Now, I decided three-meal analysis is beside the point. Nothing but an all-sunflower-seed diet would match an all-Soylent-1.5 diet on lead and cadmium levels.

But lots of foods have high-sounding levels of things that are ultimately below the threshold to do harm. (There’s more recent evidence there’s no lower threshold for lead, but I didn’t know that at the time). The key question is: will it hurt you?

Find out mass of 3 soylent 1.5 powder meals per day, multiply by concentration, see if it takes you over the daily limit.

#files.soylent.com/pdf/soylent-nutrition-facts.pdf
#115 grams per serving, 4 servings per pouch.
#460 grams per day -> 0.46 kg

#Cadmium intake per day 
0.46*max_data_for_hclust[272,1]
## [1] 0.08556
#That's 0.08556 mg

#Lead:
0.46*max_data_for_hclust[272,2]
## [1] 0.01978
#That's 0.01978 mg

##FDA limits:
#Limits for solid food - lead 6 ppm, liquid food 1 ppm
#Cadmium - 0.1 ppm for "cereals and vegetables"
#The Prop 65 safe harbor level for lead is 0.5 micrograms per day. 60x lower than avg exposure EPA permits in drinking water -> amount they found in Soylent was 1/5 to 1/2 lower than what EPA permits in drinking water

#mg/kg converts 1:1 to ppm, as you can see through dimensional analysis.

So, lead concentration is 1/2 what FDA allows in liquid food, and is well over the (more cautious) Prop 65 safe harbor level.

The cadmium level is higher than the FDA cereals-and-vegetables limit, and if liquid makes it more bioavailable that is a real problem.

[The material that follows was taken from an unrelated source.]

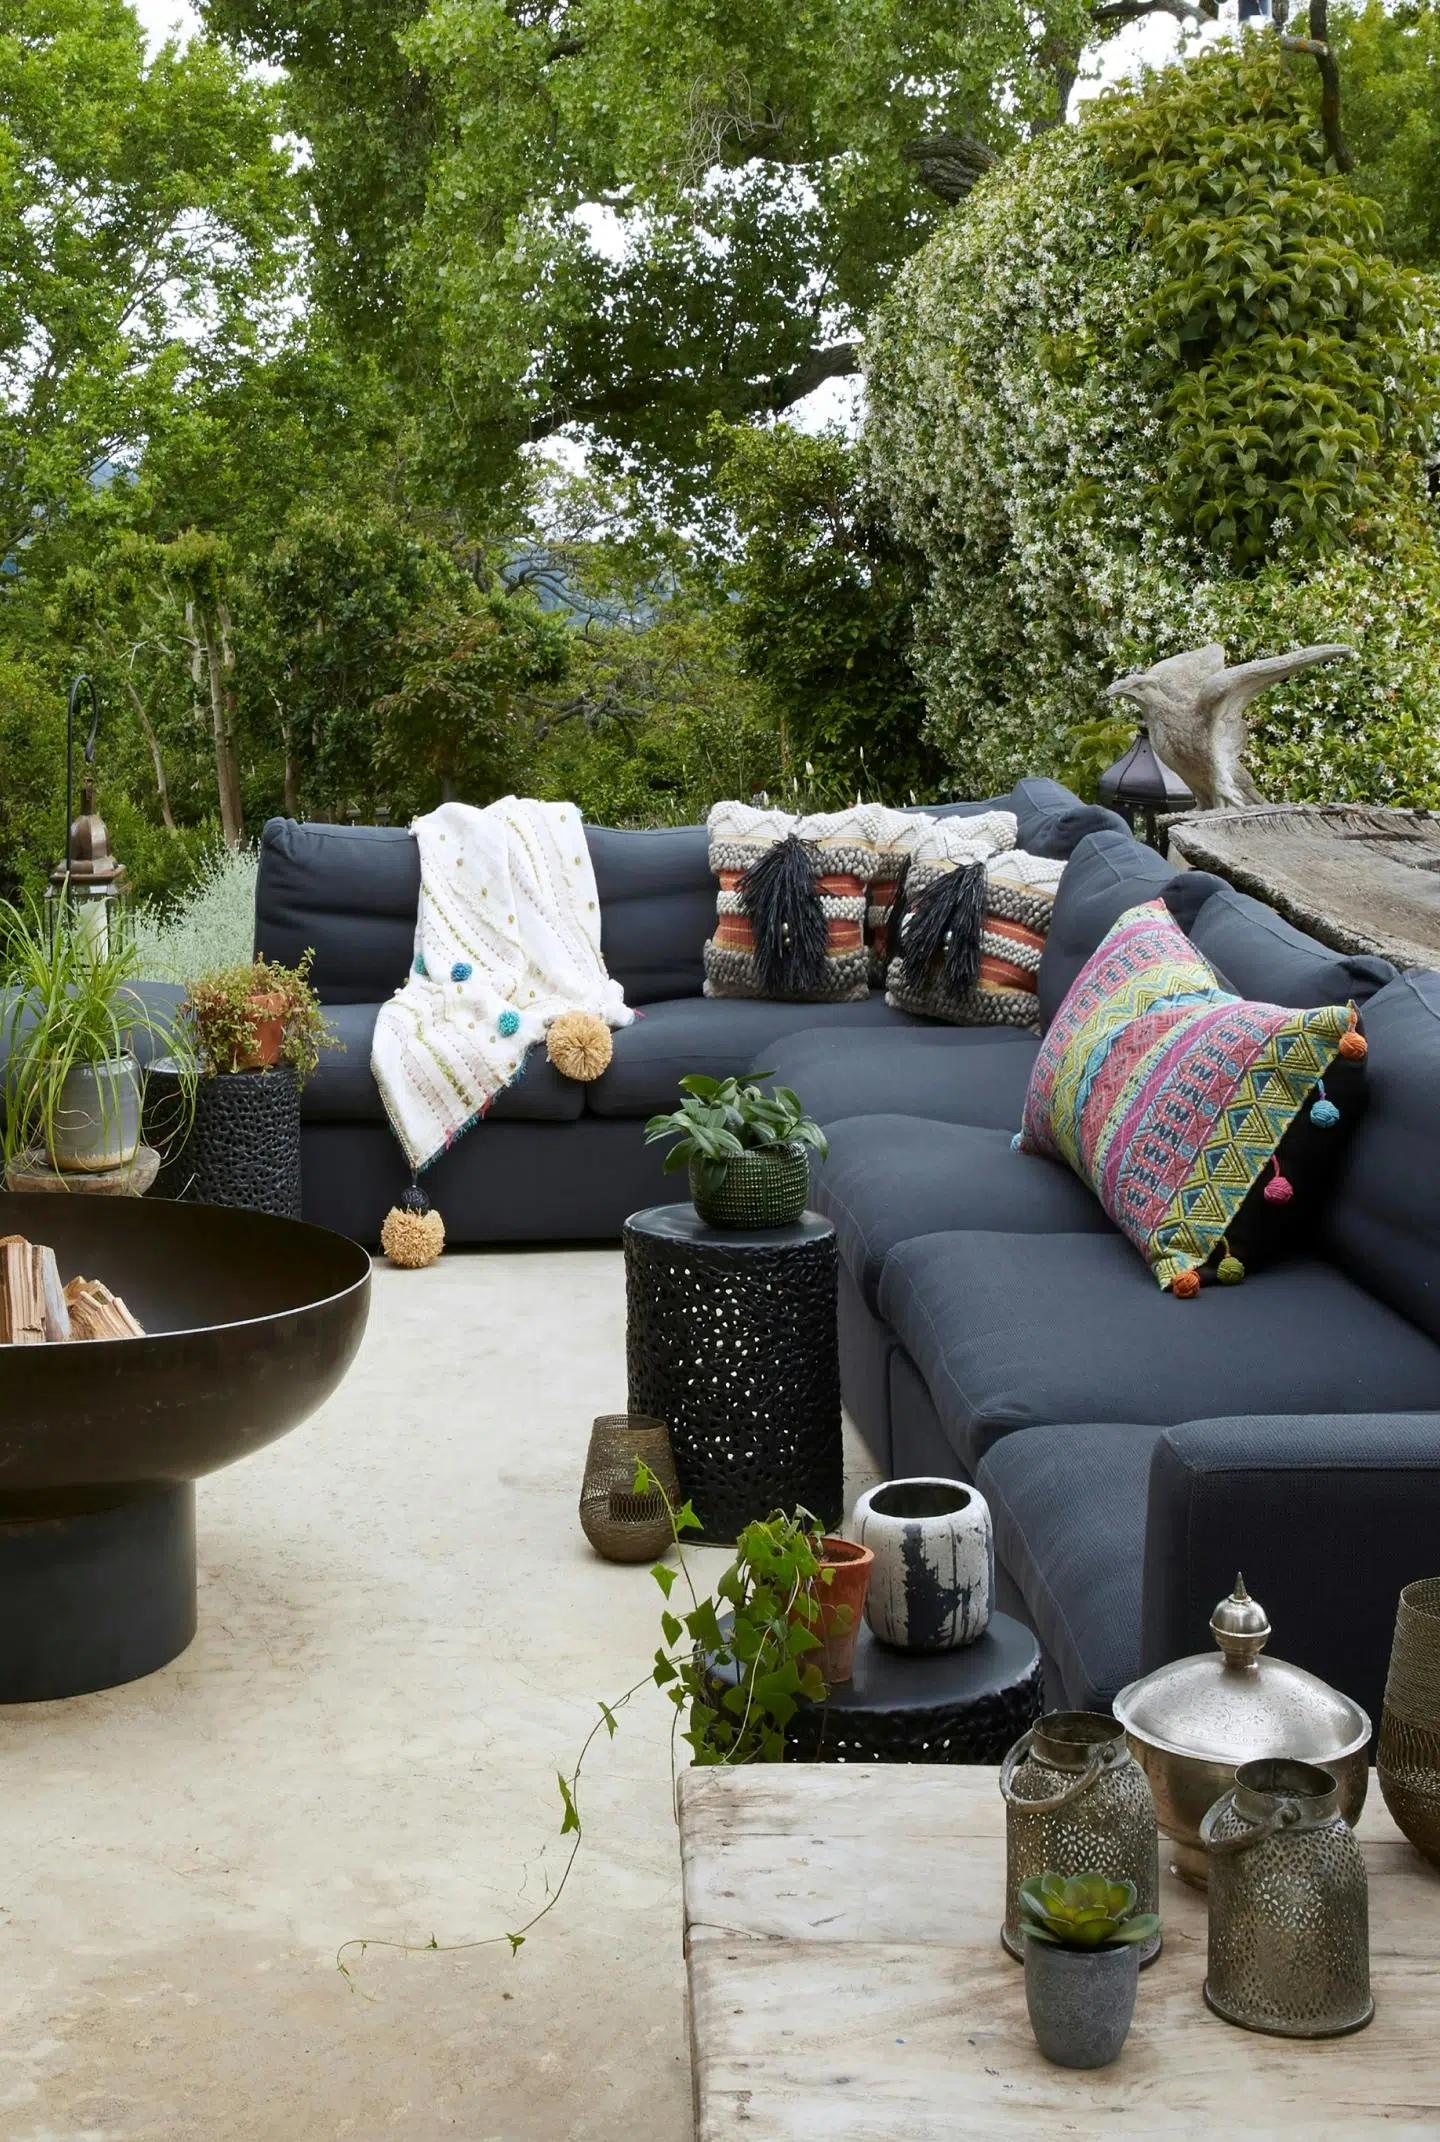 Close-up of an outdoor, Moroccan-inspired fire pit next do a charcoal outdoor sofa.

That scared me more than the lead.

That’s why I stopped eating Soylent 1.5. I never tried 2.0 because I found the powder more convenient than keeping bottles of liquid around - and also the early on stories of people finding mold in 2.0. I’ve since gotten into cooking rather than trying to live on meal replacements, but if you have a trustworthy sort-of-food feel free to tell me about it.